IT-map: an Effective Nonlinear Dimensionality Reduction Method for Interactive Clustering

In our previous works (1, 2), we have shown its potential in cluster analysis. Combinations of the IT structure with the Semi-Supervised learning concept (3), Rodriguez and Laio's "Decision Graph" (4), and Frey and Dueck's "Affinity Propagation" (AP) (5), have resulted in effective cluster analysis methods. For example, based on the IT structure, the application scope of AP was extended from spherical to nonspherical cluster detection (2). In this paper, we will show another potential of the IT structure: nonlinear dimensionality reduction, for which an effective combination is made with the "isometric mapping" (Isomap) proposed by Tenenbaum et al (6). Isomap is a simple and effective dimensionality reduction method which extends the application scope of multidimensional scaling (MDS) from linear to nonlinear structure.

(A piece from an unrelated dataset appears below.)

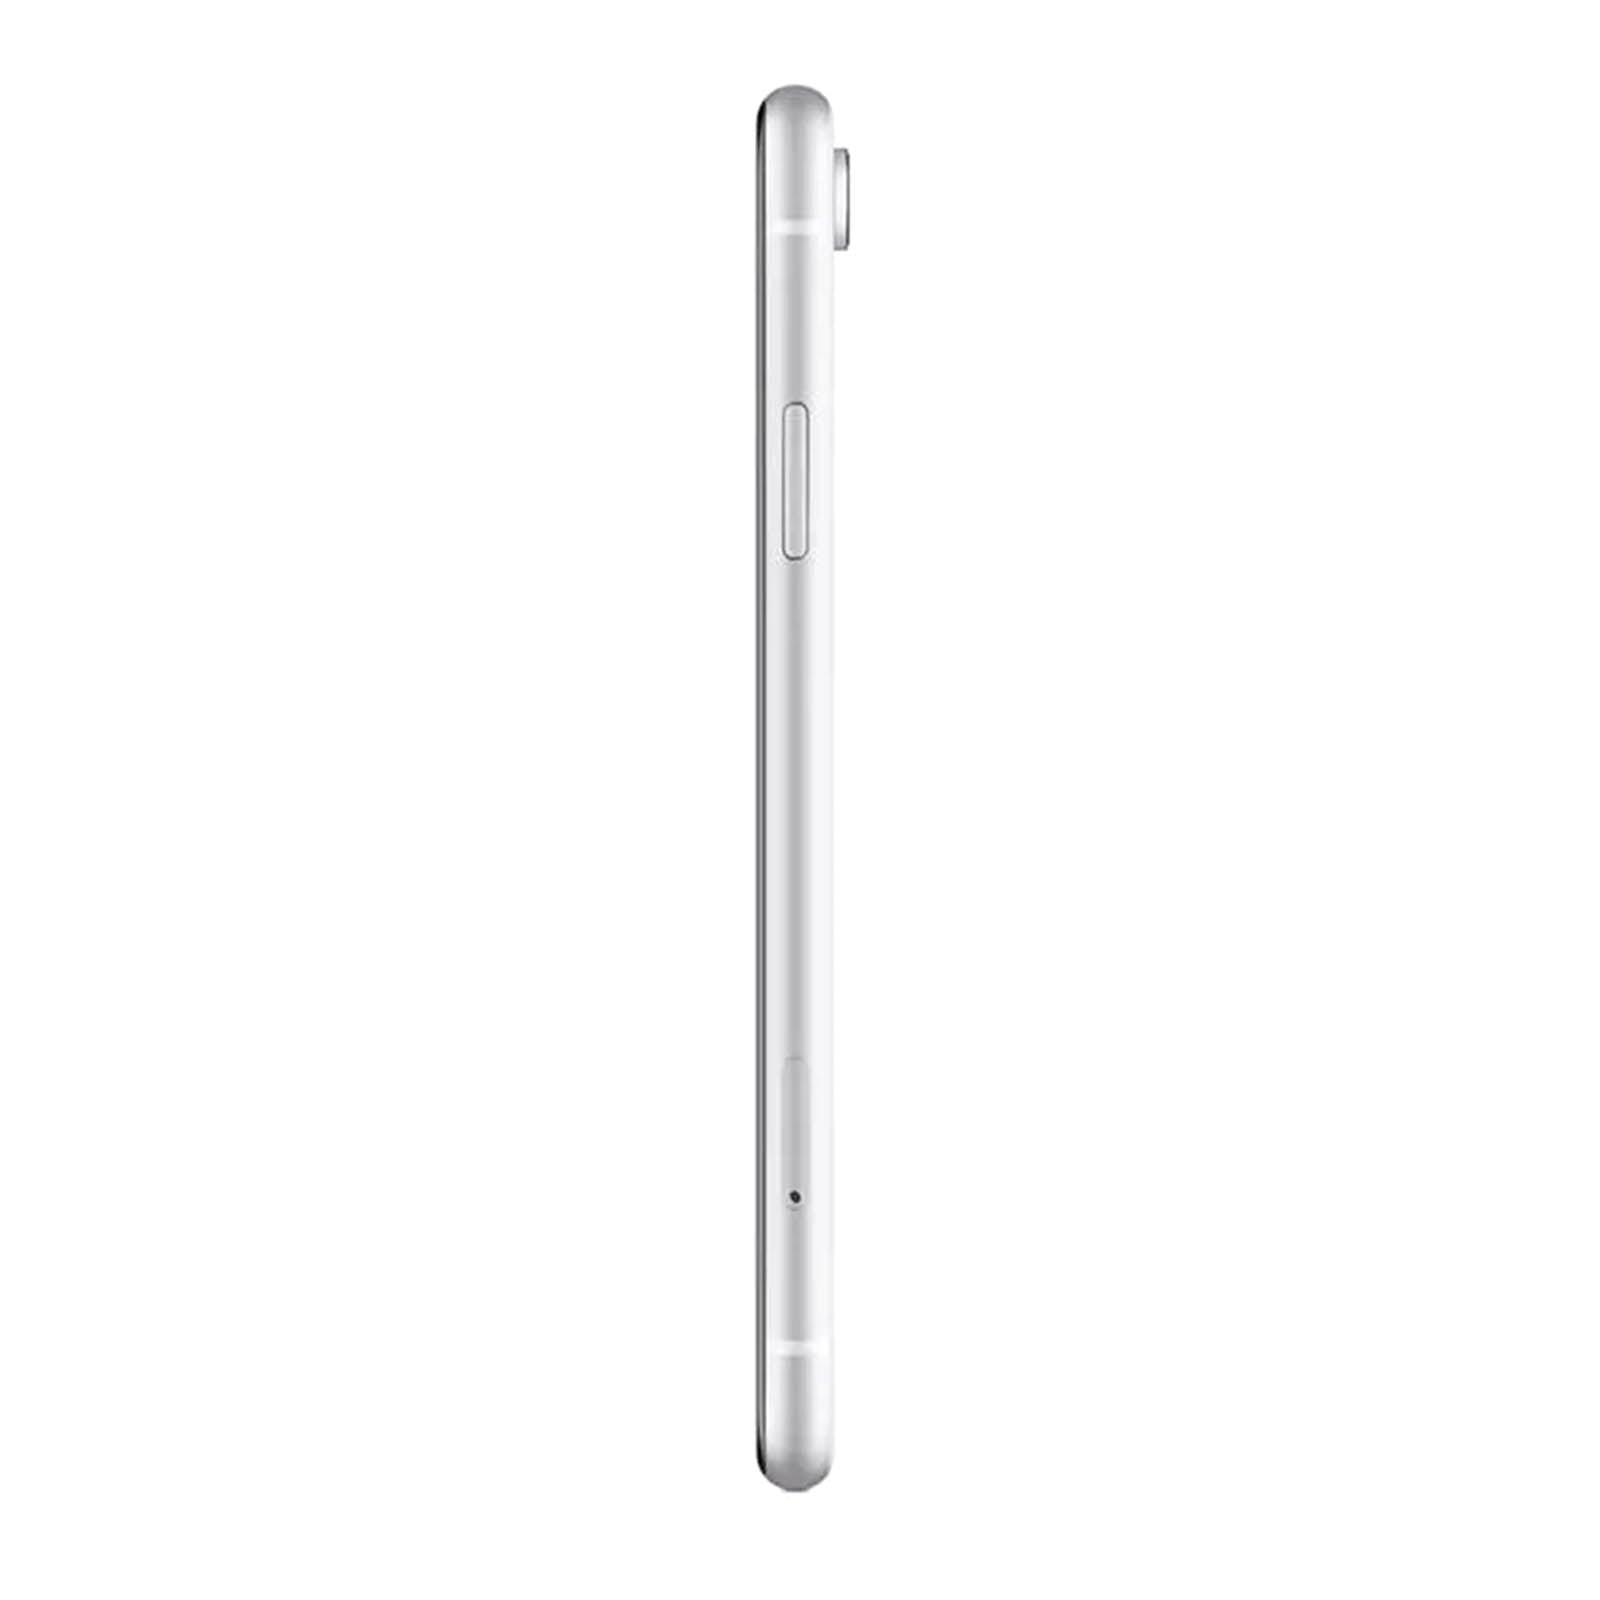 Apple iPhone XR 64GB White Fair - AT&T

It contains three steps: first construct the K-nearest-neighborhood (KNN) graph, then compute the graph distances (the shortest path distances in the neighborhood graph) and lastly compute the low-dimensional embedding by classical MDS. In effect, the constructed KNN graph for data points is unfolded in the low-dimensional Euclidean space, which is effective especially for preserving in the embedding the topology relationship of data points on manifolds. The crux of the success for Isomap is that it takes as the input for classical MDS the graph distances, instead of the straight-line Euclidian ones, for all pairs of data points.